Cada día que pasa sin que la brecha abierta en la ley del solo sí es sí se tapone; cada día que transcurre sin una solución que impida que más agresores de mujeres se vean beneficiados por la defectuosa construcción de la legislación aprobada para, inicialmente, proteger mejor a las víctimas; cada minuto que esta anómala e indeseable situación se prorrogue en el tiempo, la credibilidad y reputación del gobierno impulsor de la reforma perderá respaldo social y credibilidad.

No, no tiene un pase escudarse en errores ajenos o en “malas interpretaciones” judiciales para no actuar de inmediato y acabar con el error que permite aplicar reducciones penales a reos ya juzgados y condenados por atentar contra la integridad de las mujeres.

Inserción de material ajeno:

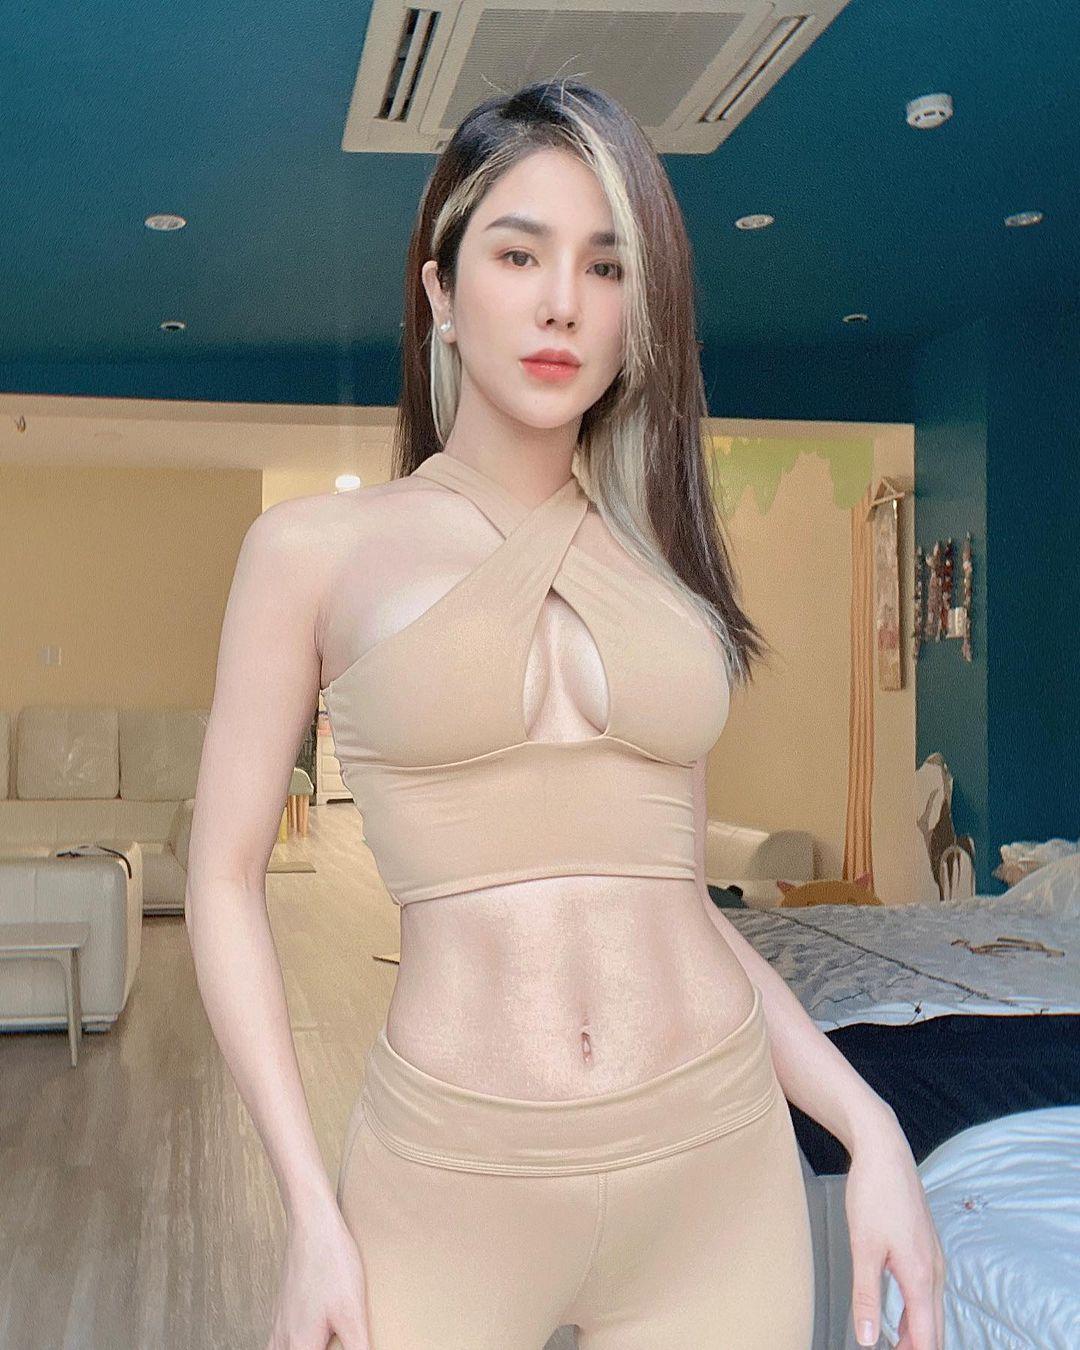 Người đẹp Việt ham diện quần tập có thiết kế lạ đến nhạy cảm, dễ gây hiểu nhầm
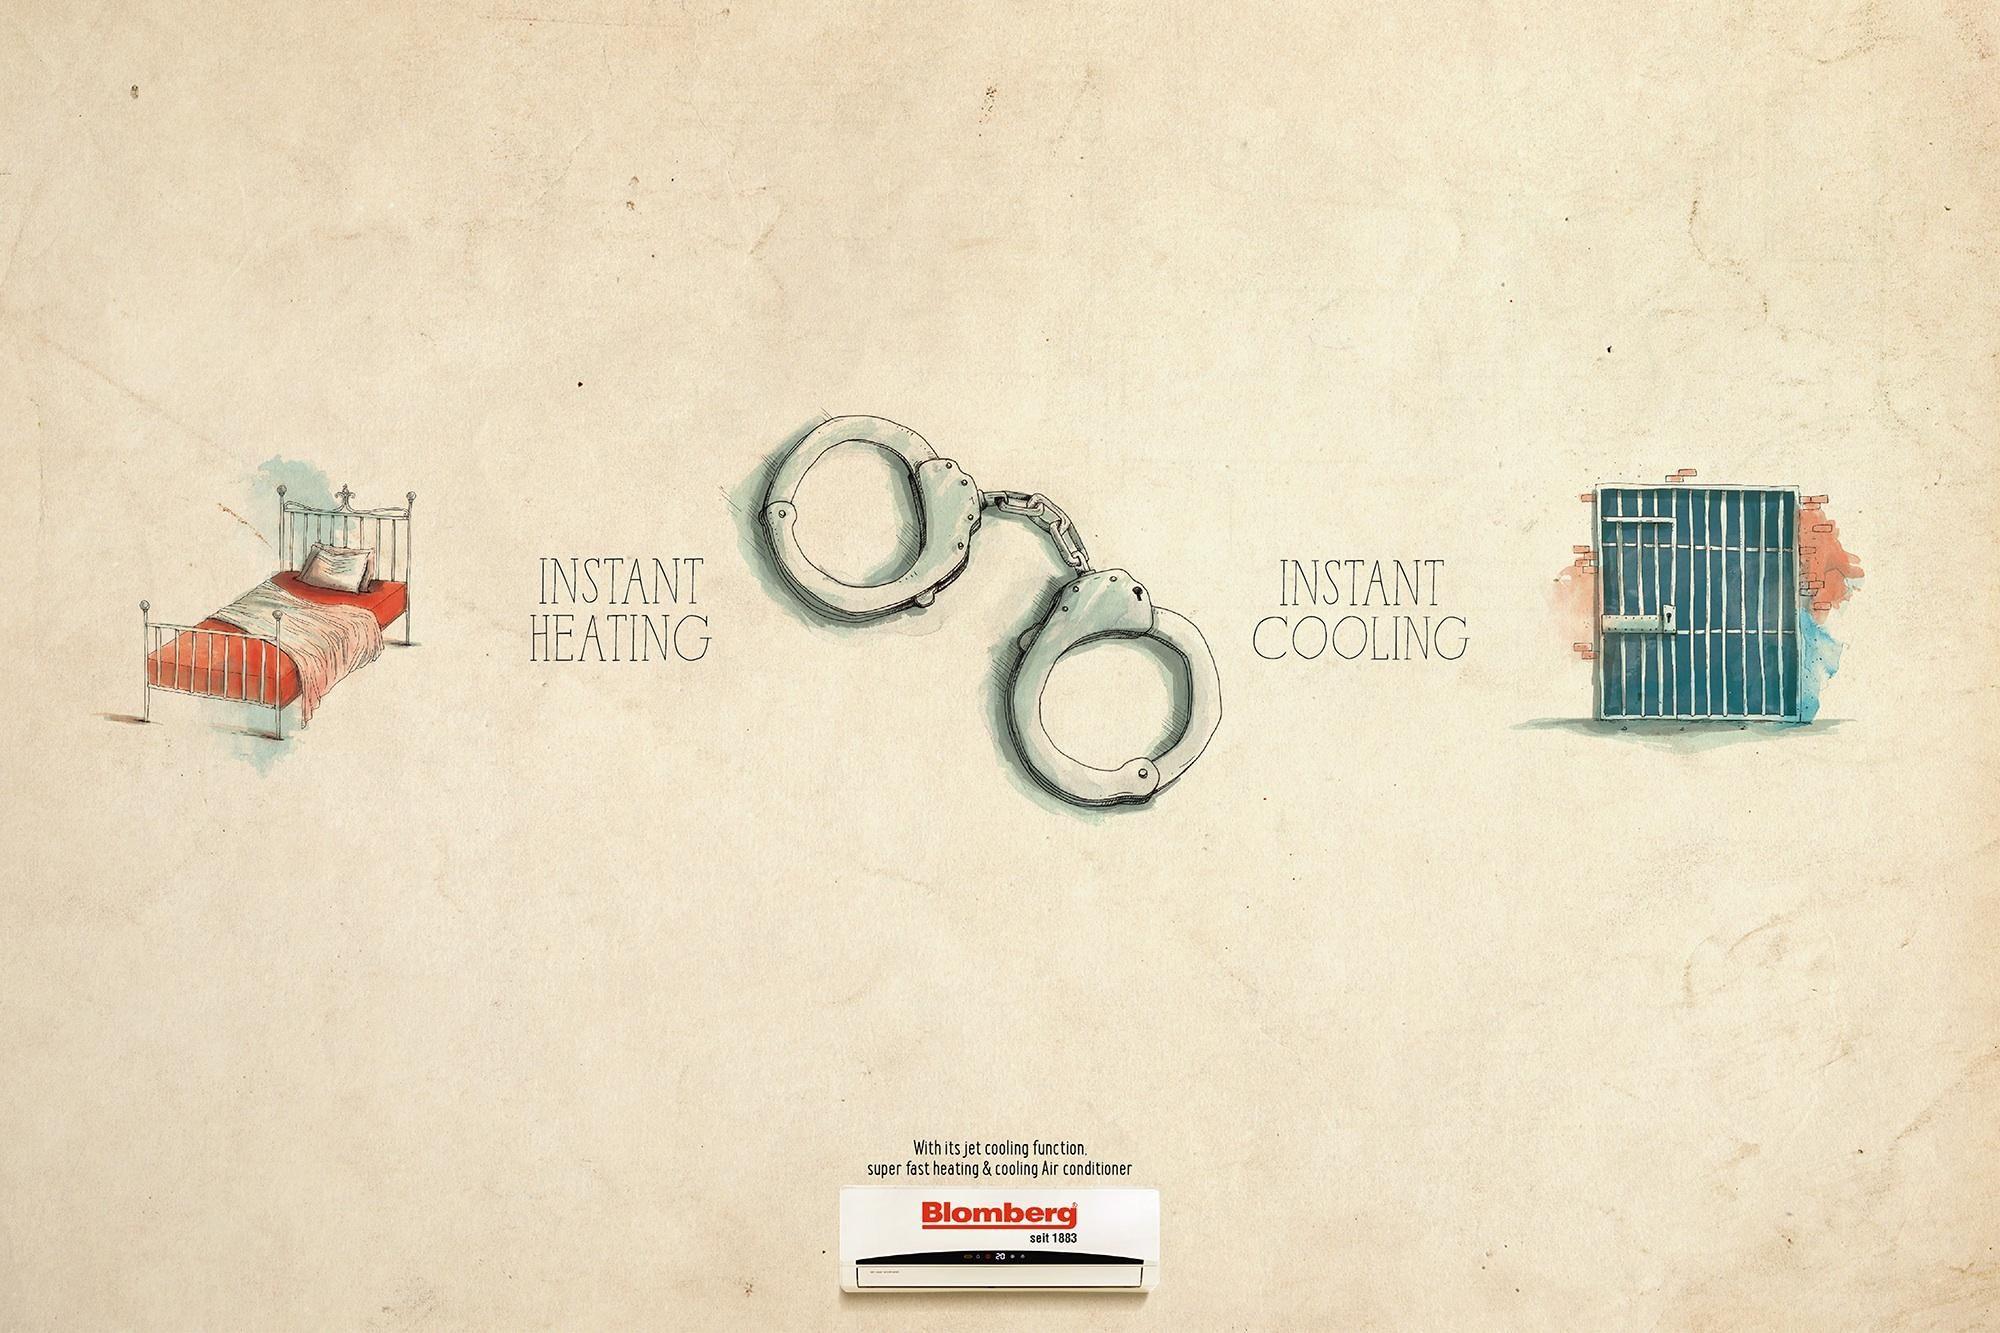 Blomberg Handcuffs Ads Of The World Como Fazer Um Anuncio Publicidade E Propaganda Dia A Dia Receitas

Nadie entiende ya el empecinamiento del socio minoritario del Gobierno español –Podemos– por exhibir discrepancias en lugar de ponerse manos a la obra y restañar la herida abierta en la interpretación del Código Penal. Lo relevante de esta situación es el fondo de la misma, las consecuencias indeseables que provoca y no el relato o el interés por demostrar quién defiende más y mejor los derechos de las mujeres. Eso, y no otra cosa, es lo que precisa de una acción inmediata.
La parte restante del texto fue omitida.